**Problem requirements**
All pictures are to be excluded when the data below is output verbatim.

**Input data**
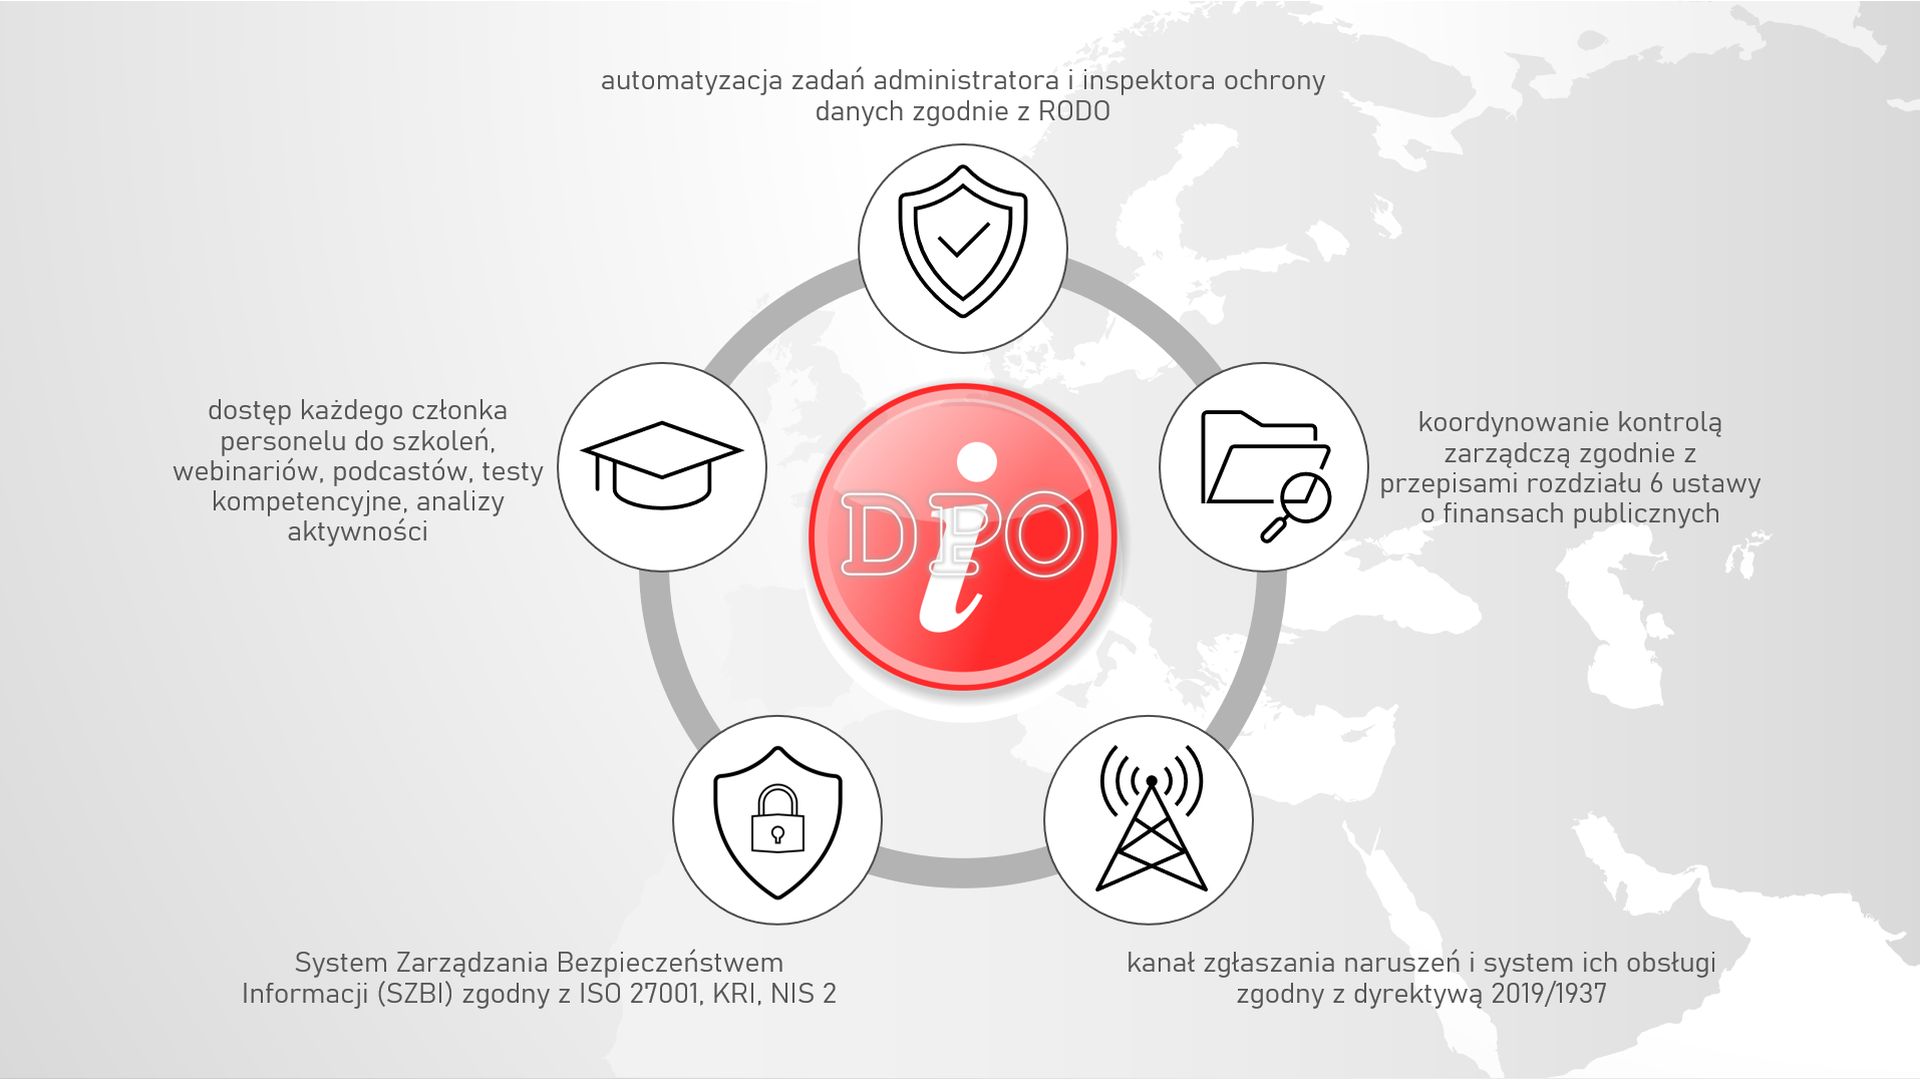 iDPO - hybrydowy system zarządzania bezpieczeństwem informacji, ochrony danych osobowych, kontroli zarządczej i obsługi naruszeń 1
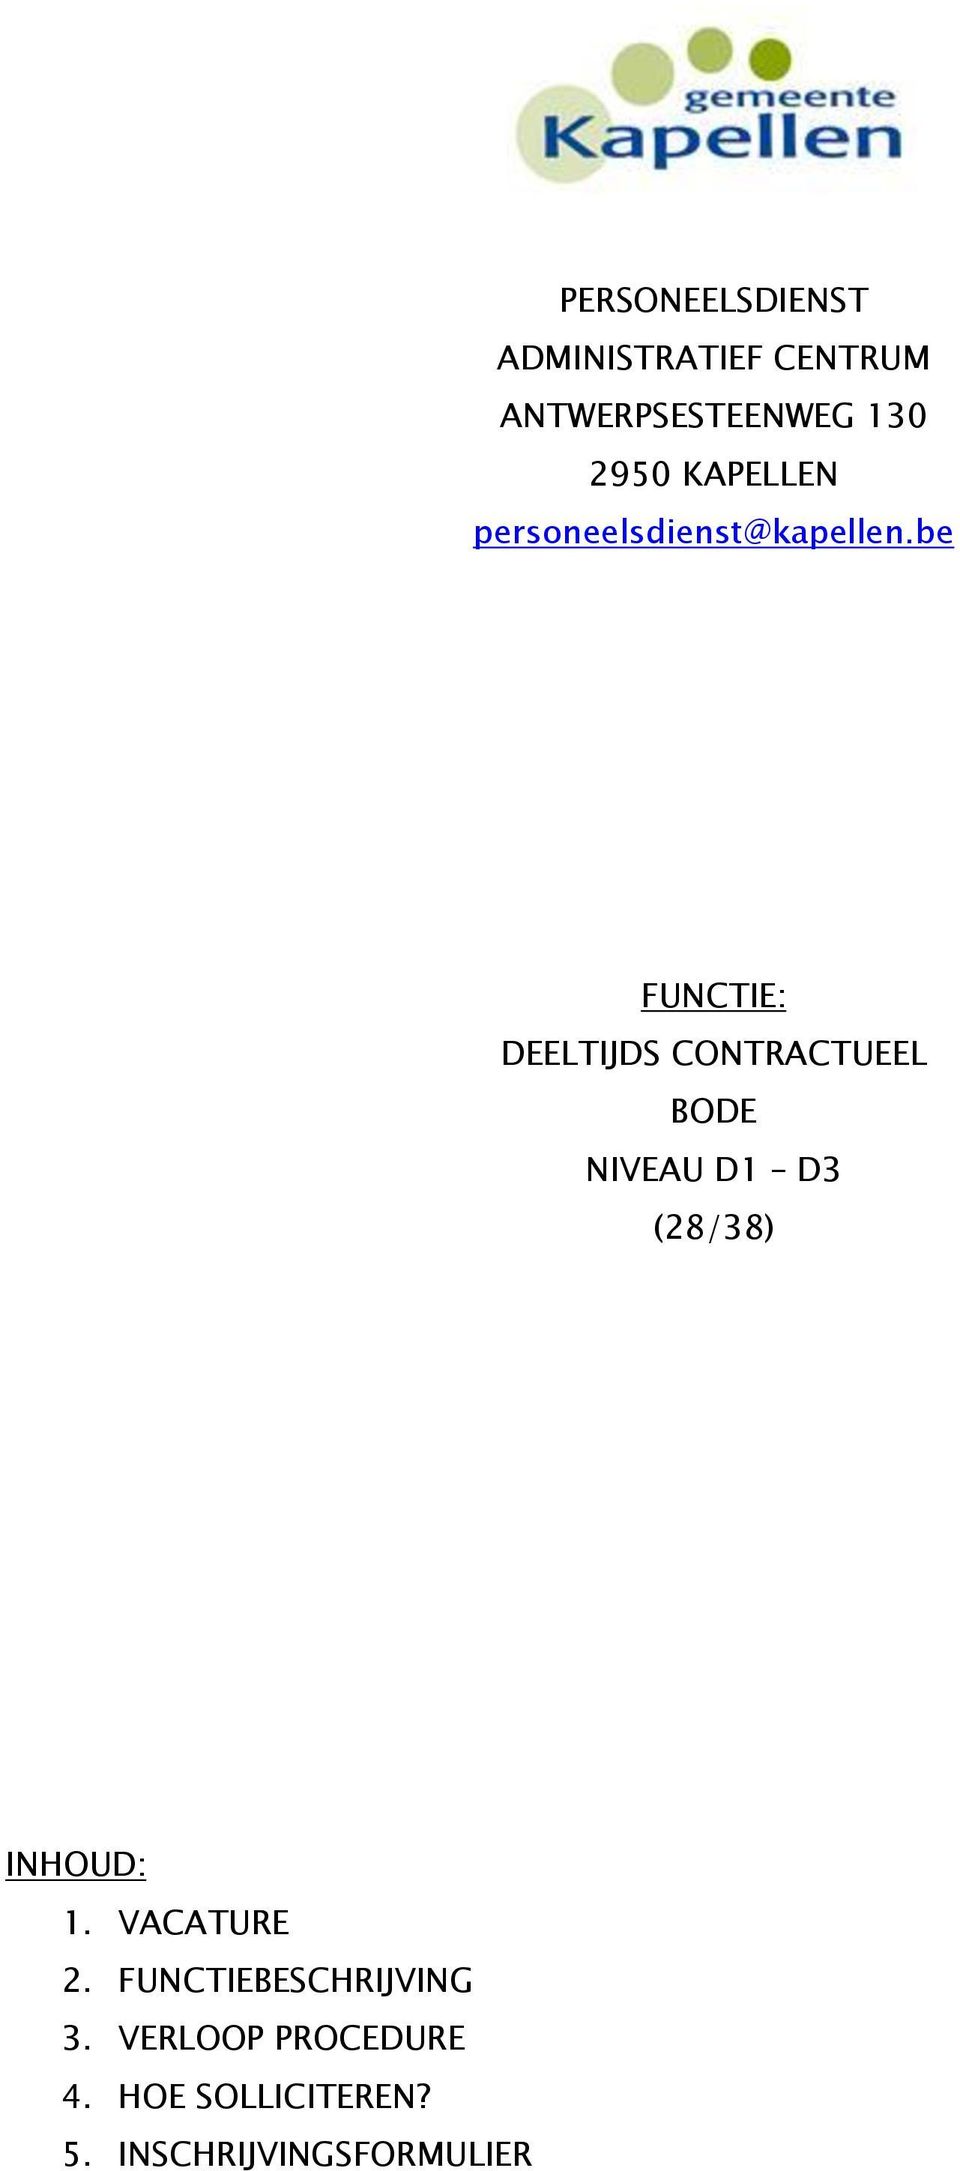 be FUNCTIE: DEELTIJDS CONTRACTUEEL BODE NIVEAU D1 D3 (28/38) INHOUD:
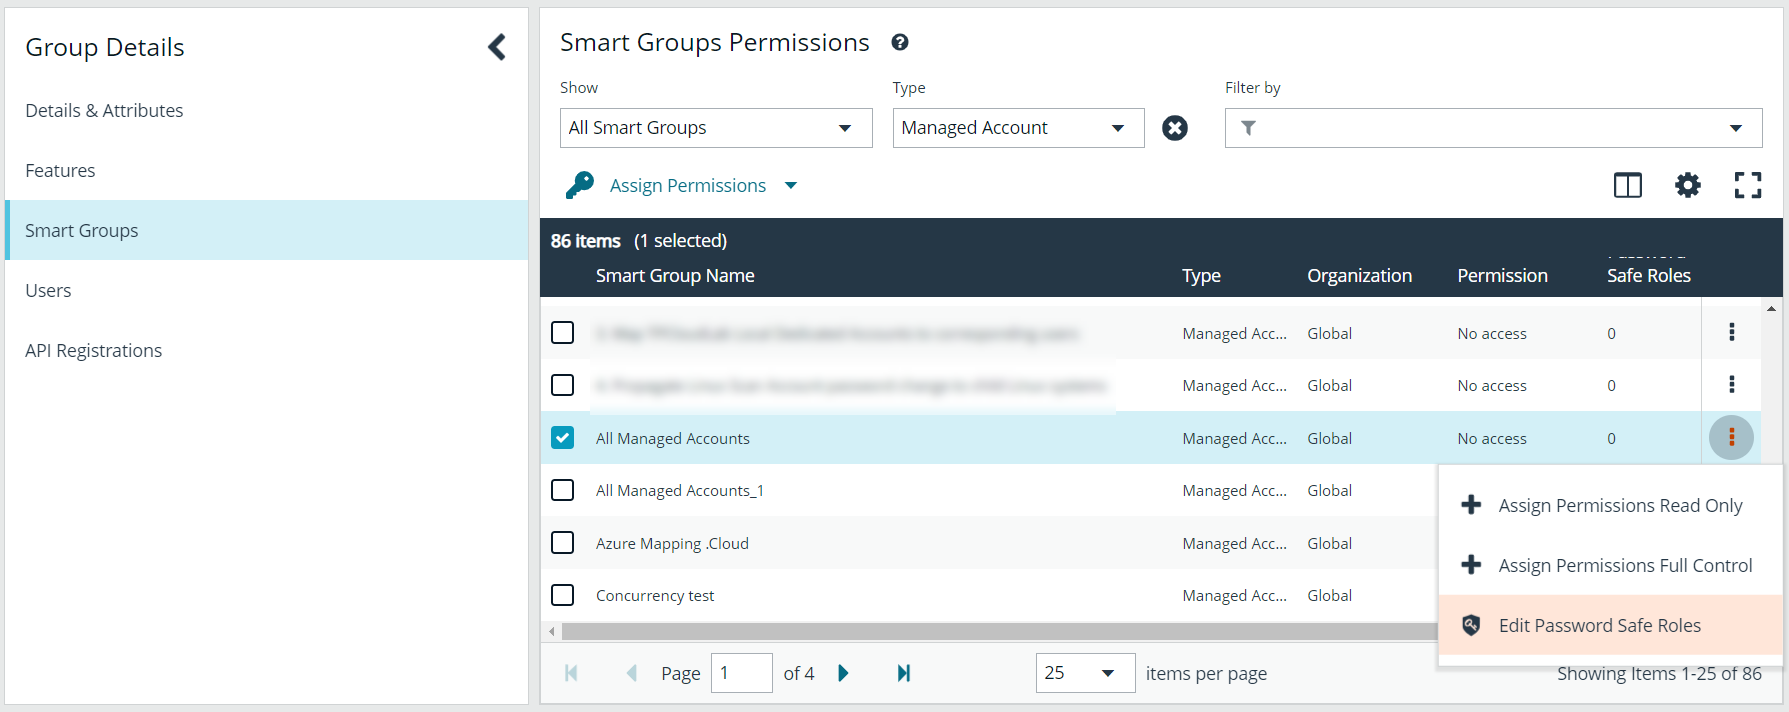 Smart Groups Permissions > Edit Password Safe Roles
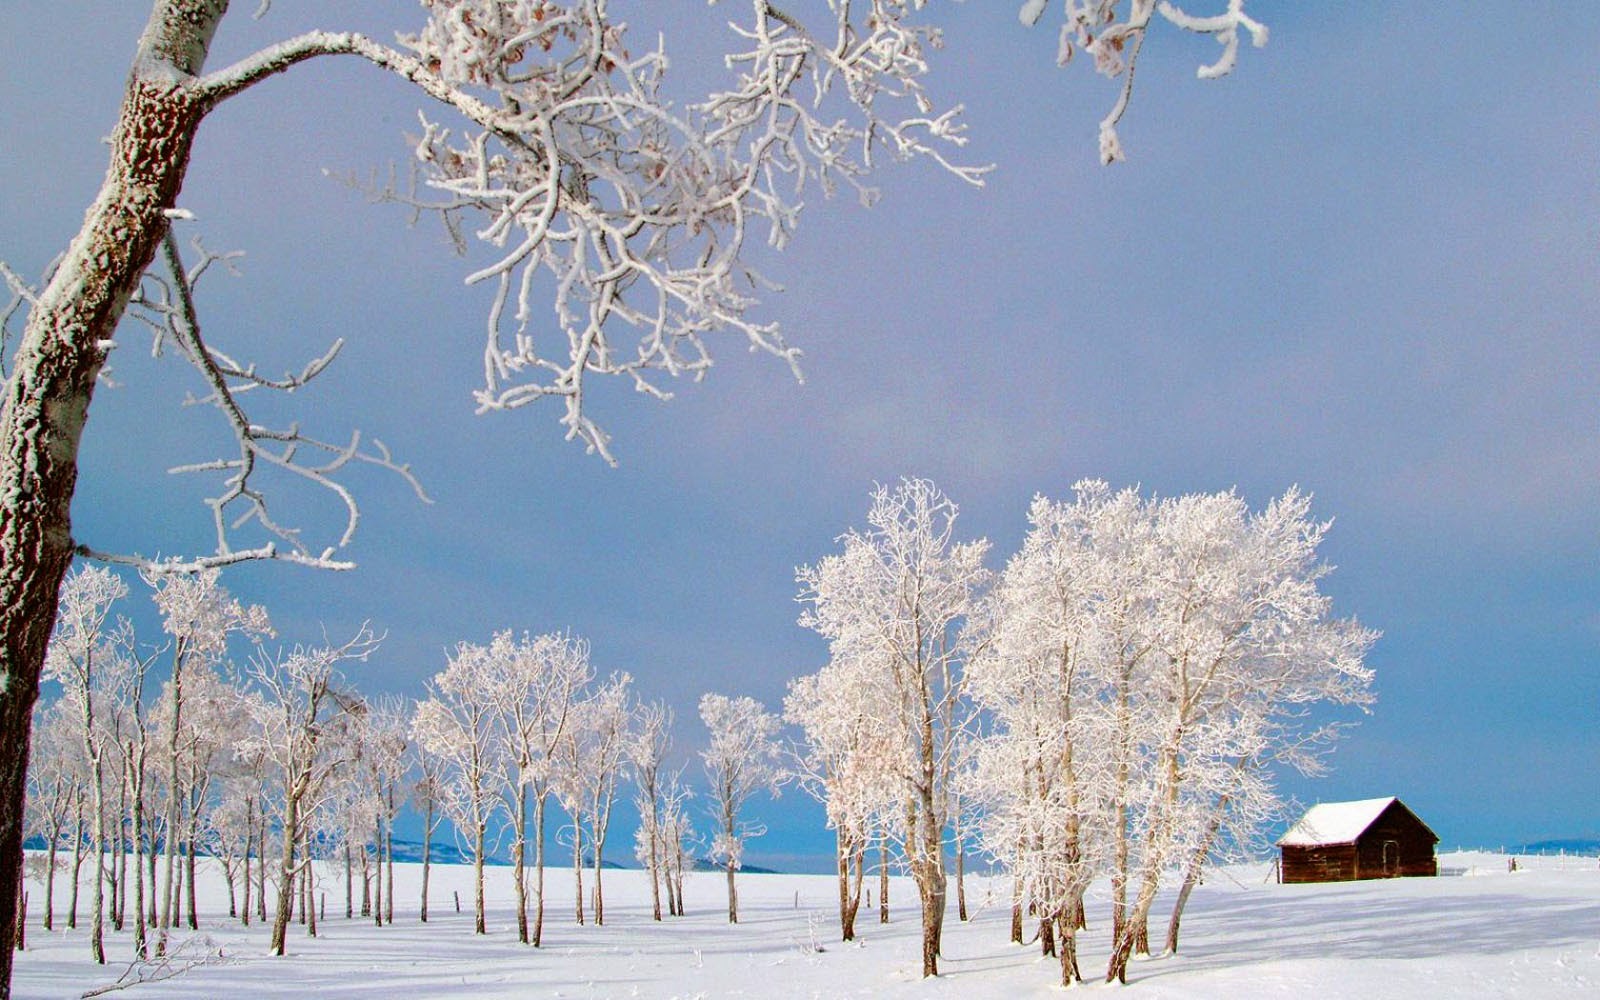 아름다운 겨울 배경 화면,겨울,눈,서리,나무,자연 경관

**Solution for this task**
 iDPO - hybrydowy system zarządzania bezpieczeństwem informacji, ochrony danych osobowych, kontroli zarządczej i obsługi naruszeń 1
 be FUNCTIE: DEELTIJDS CONTRACTUEEL BODE NIVEAU D1 D3 (28/38) INHOUD:
 Smart Groups Permissions > Edit Password Safe Roles
 아름다운 겨울 배경 화면,겨울,눈,서리,나무,자연 경관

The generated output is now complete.